Before you start with the actual exercise it is a advisable to consult the Workcraft documentation. Good starting points are the help page on STGs <sup>4</sup> and the tutorial on how to model and verify a C gate <sup>5</sup>. Note that we provide the FPGA implementations of a C gate (normal, setable, resetable) in the part\_F/workcraft template directory.

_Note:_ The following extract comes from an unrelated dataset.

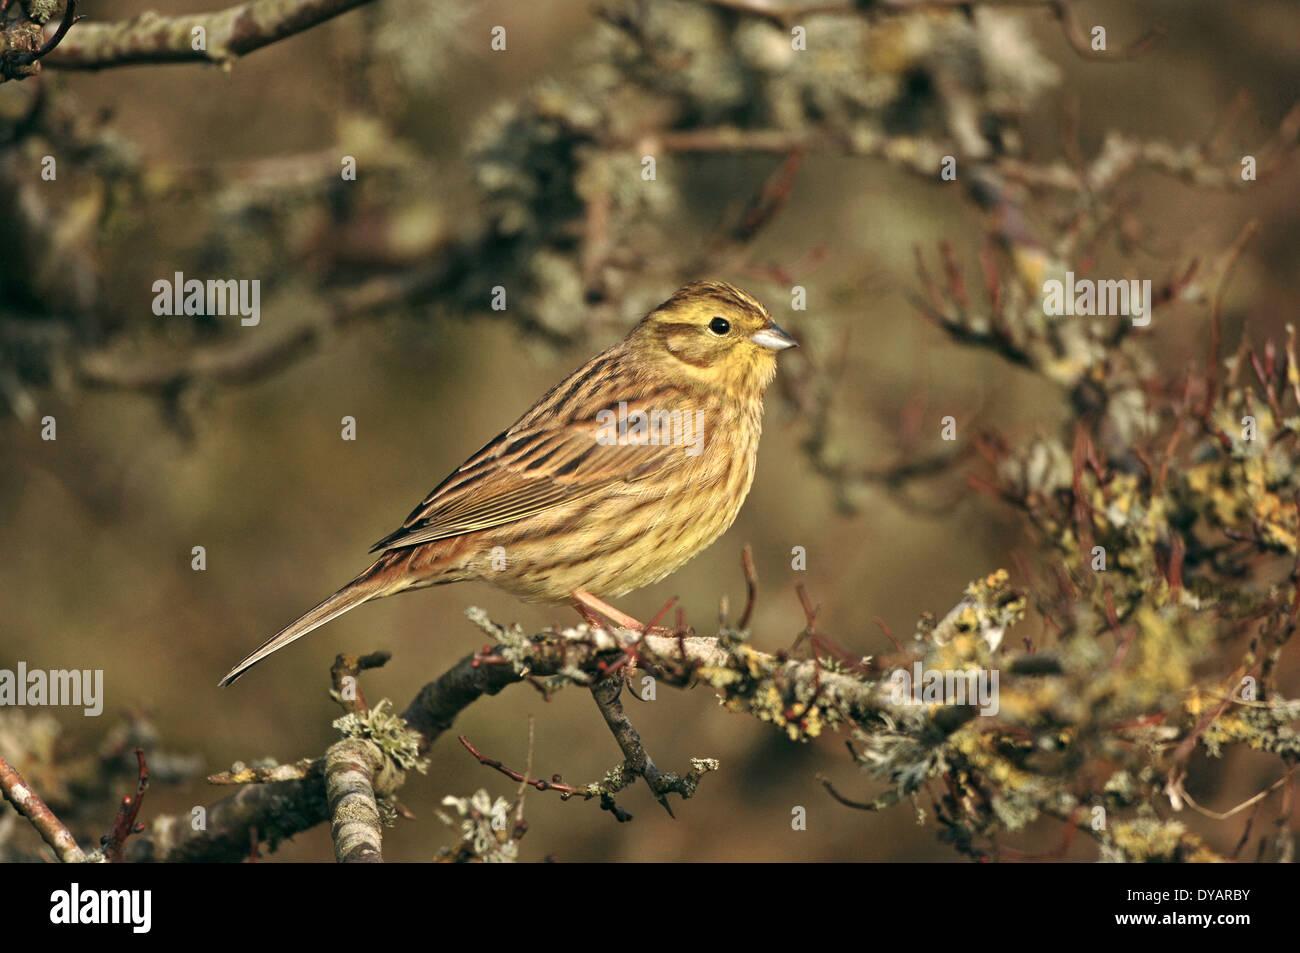 Yellowhammer - Emberiza citrinella - winter female/1st winter - Stock Image

Figure 3: Signal traces and their causality

Your task is to replace the click controllers with a design based on the signal trace shown in Fig. 3. Signals with index in denote the interface to the preceding unit and out those to the succeeding one. Design a suitable STG, use Workcraft to generate a corresponding circuit implementation and finally replace all the controllers in your solution of part A. Verify the correct operation by (i) simulations and by (ii) downloading the design to the FPGA and conducting measurements using SignalTap.

#### Part G

Finally, in the last task of this assignment you will deploy a quasi-delay insensitive approach. In detail adapt your solution from part A such that a four-phase dual rail protocol for communication is used. For further information on how to properly design the necessary units refer to the lecture from December 9th/17th or [2] and [4].

Similar to the previous part verify the correct behavior by simulations and measurements with SignalTap or generate an appropriate control interface using the CIG. Use the Altera Board for this Task. Add a description of the required adaptions of the pipeline stages and the computational units to your presentation.

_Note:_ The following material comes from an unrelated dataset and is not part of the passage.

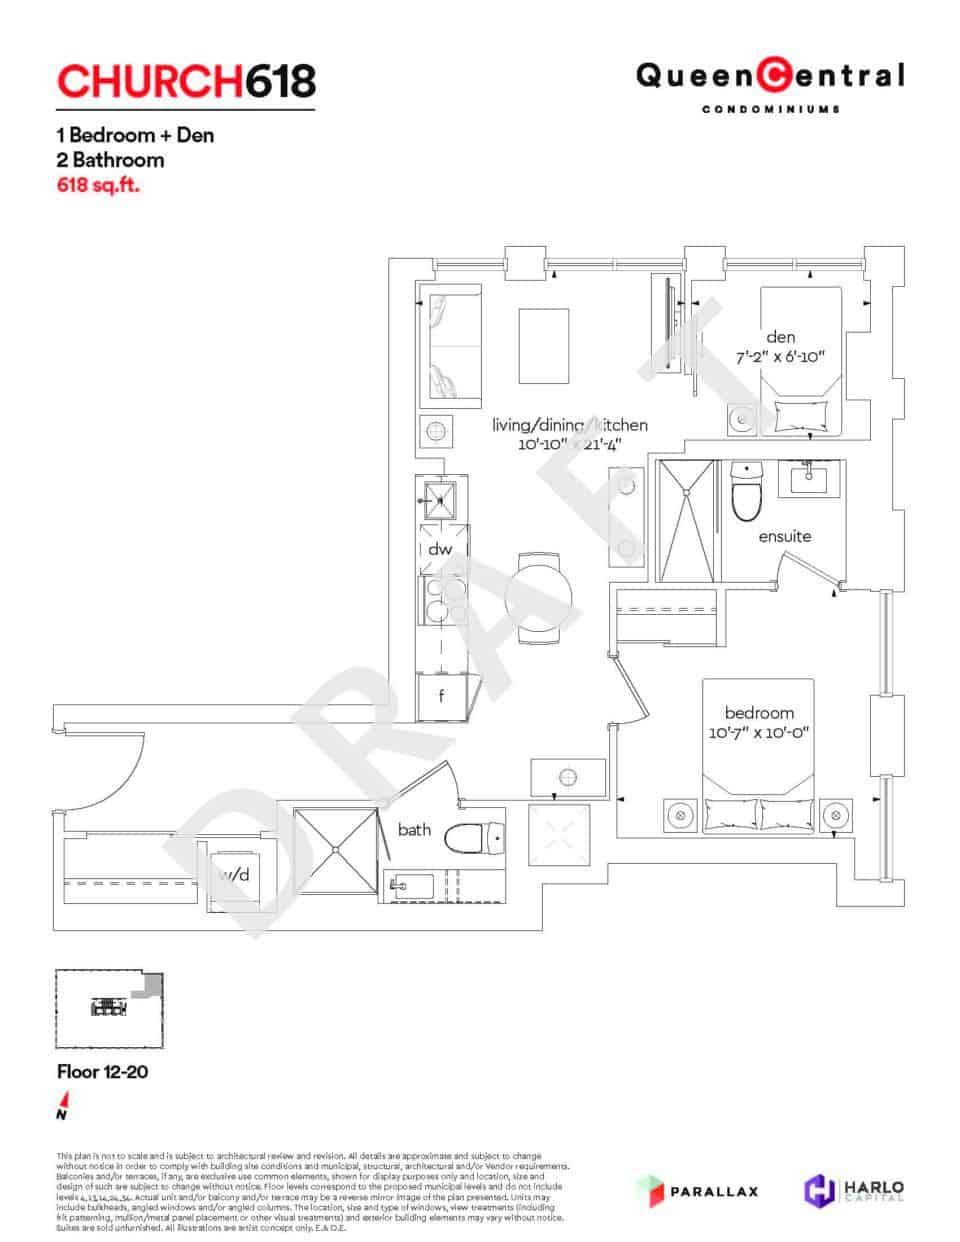 Queen Central Draft Floor Plans CHURCH 618

<sup>4</sup>http://www.workcraft.org/help/stg\_plugin

<sup>5</sup>http://www.workcraft.org/tutorial/synthesis/celement/start

# **Bonus Task**

Adapt your solution of Part C such that it can be downloaded to the FPGA.

# References

- [1] Workcraft Website, 2016. www.workcraft.org.
- [2] F. Huemer and A. Steininger. Sorting network based full adders for qdi circuits. In 2020 Austrochip Workshop on Microelectronics (Austrochip), pages 21–28, Oct 2020.
- [3] A. Mardari, Z. Jelčicová, and J. Sparsø. Design and FPGA-implementation of Asynchronous Circuits Using Two-Phase Handshaking. In 2019 25th IEEE International Symposium on Asynchronous Circuits and Systems (ASYNC), pages 9–18, May 2019.
- [4] Jens Sparsø. *Introduction to Asynchronous Circuit Design*. DTU Compute, Technical University of Denmark, 2020. Paperback edition available here: https://www.amazon.com/dp/B08BF2PFLN.
- [5] Jens Sparsø and Steve Furber. *Principles of Asynchronous Circuit Design: A Systems Perspective*. Springer Publishing Company, Incorporated, 1st edition, 2010.